How to choose where to study abroad

Four crucial factors to consider when choosing the best study abroad experience to suit you.
September 22 2015

Studying abroad can be an eye-opening experience wherever you go. But if you want to maximise your opportunities and get the most out of your experience, it is crucial to make an informed decision about where to study.

Luckily, there are plenty of resources to help you make a good decision, and I’ll take you through all the factors you should consider.

University rankings

Rankings should not be the sole basis of your decision, but there are many good reasons to use them as a starting point.

The Times Higher Education World University Rankings give the most reliable indication of the quality of teaching, research, innovation and the global outlook of the best universities in the world. If you want a premium academic experience, a highly ranked university is a solid bet. You can also single out the best universities in your chosen subject by using the relevant subject ranking.

What’s more, the reputation of a top university opens doors to opportunities that might not otherwise be available. At the end of your course, getting a job in the country you have travelled to is not always straightforward. Rightly or wrongly, employers are sometimes more willing to sponsor a visa for those graduating from a top university.

After the post-study work visa was abolished in the UK in 2012, non-European Union students could no longer automatically work in the UK in the two years after their studies. According to one recent University of Oxford graduate from India who now works in finance in London, employers are more likely to hire only international graduates from the best universities.

Read more stories about getting a job after study abroad here

There are also study-abroad scholarships that are available only to students at a top-ranked university. For example, students from South Korea may be eligible for a scholarship if they are enrolled at a top 100 university, and Albanian students can get a full scholarship from the government to study at a university in the top 15.

The rankings can also inform on another decision factor: the international environment on campus. As an international student, you will want to integrate as much as possible into the new culture abroad. This is much easier when a significant number of international students are already present on campus, as it ensures an open-minded, tolerant and diverse environment, according to Bruce Rayton, associate dean for postgraduate taught programmes at the University of Bath.

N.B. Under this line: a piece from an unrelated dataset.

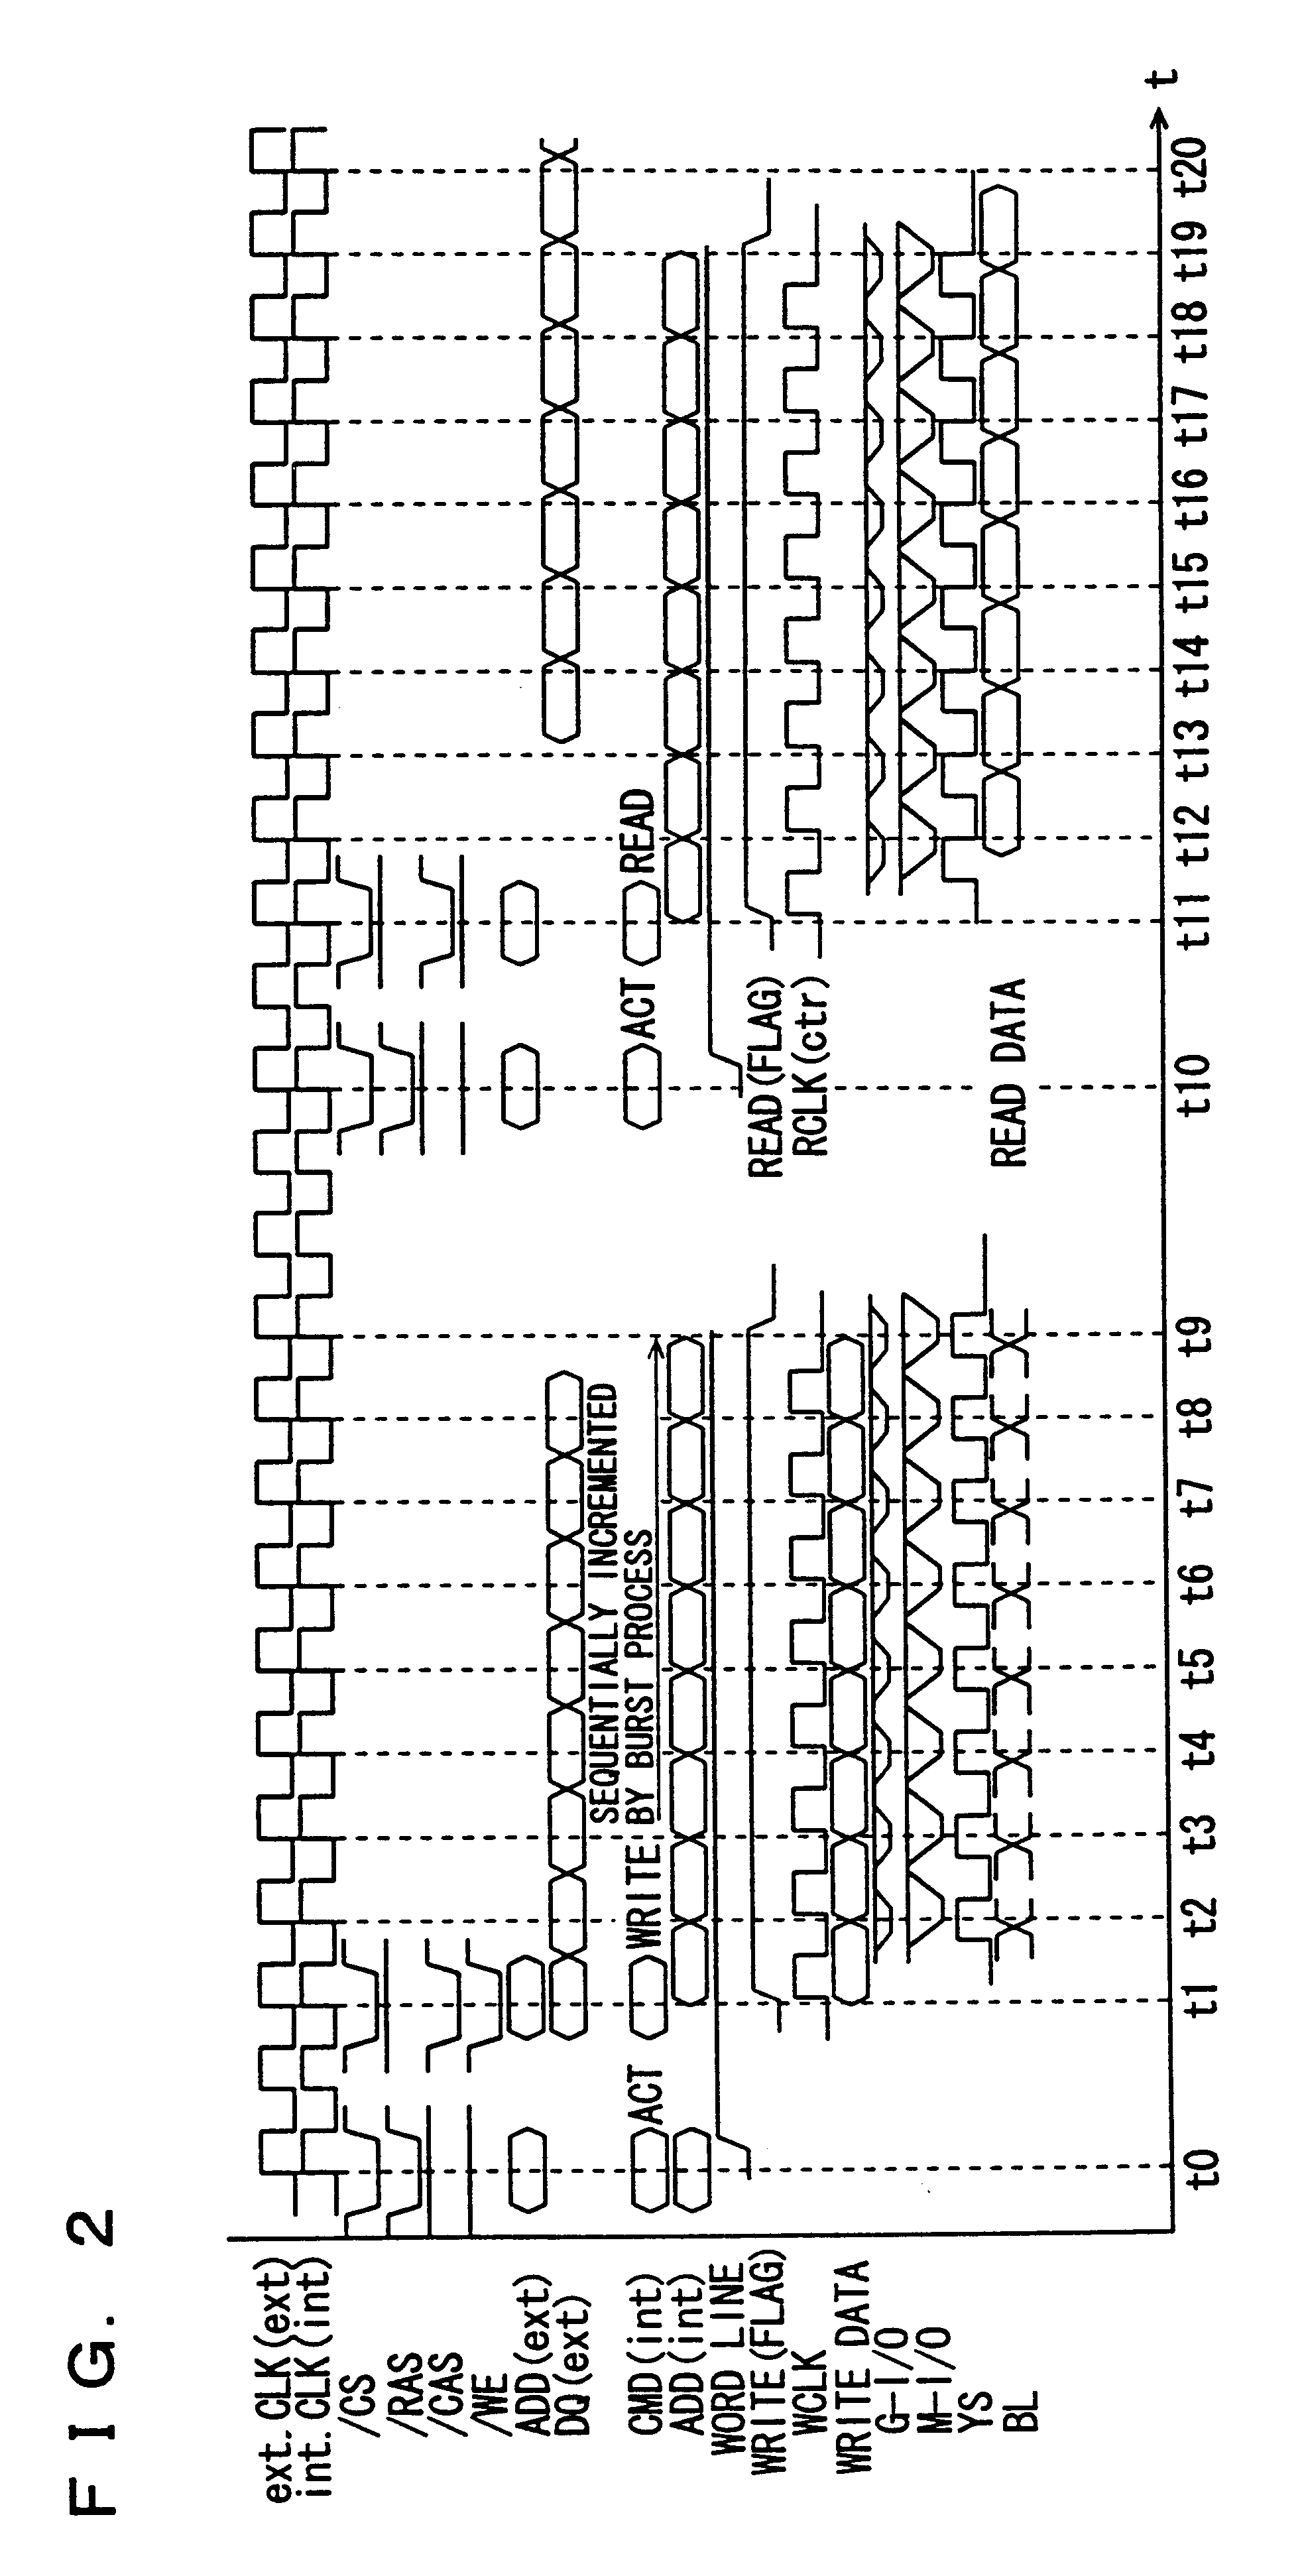 Operable synchronous semiconductor memory device switching between single data rate mode and double data rate mode

He says: “The experience is created for all those here on campus, because we enrich the university community and provide a set of experiences, examples and cultural perspectives that we simply wouldn’t get otherwise.”

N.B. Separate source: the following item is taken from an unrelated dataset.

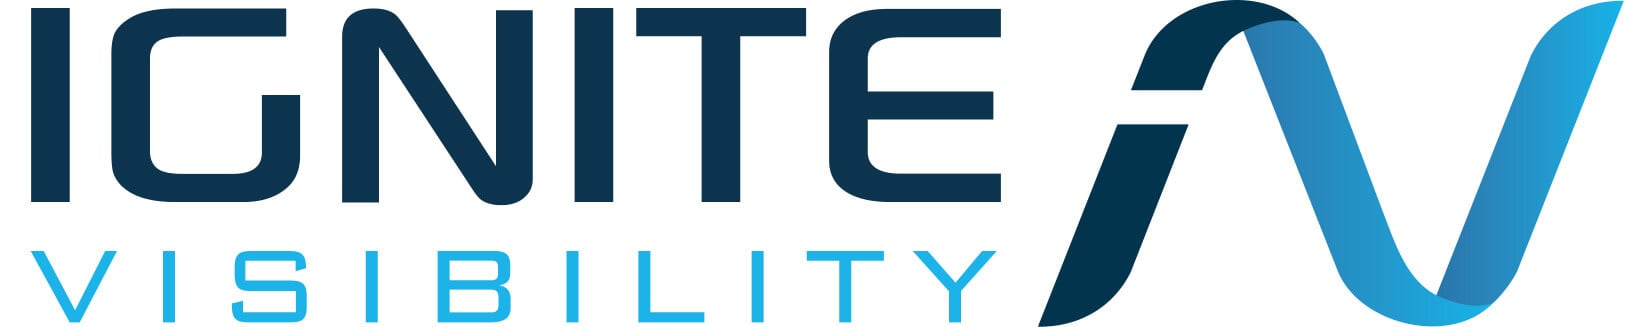 Top Medical SEO Firm Logo: Ignite Visibility

There is no easy way to choose which university is right for your specific needs, so you should not base your decision on rankings and reputation alone. Here are some other factors to consider.

Costs

Tuition fees, living expenses and funding opportunities vary immensely across different countries, universities and course subjects.

The most expensive courses across the world are clinical undergraduate degrees and MBA postgraduate courses. The cost of clinical degrees, including veterinary medicine, can reach four times the price of other courses.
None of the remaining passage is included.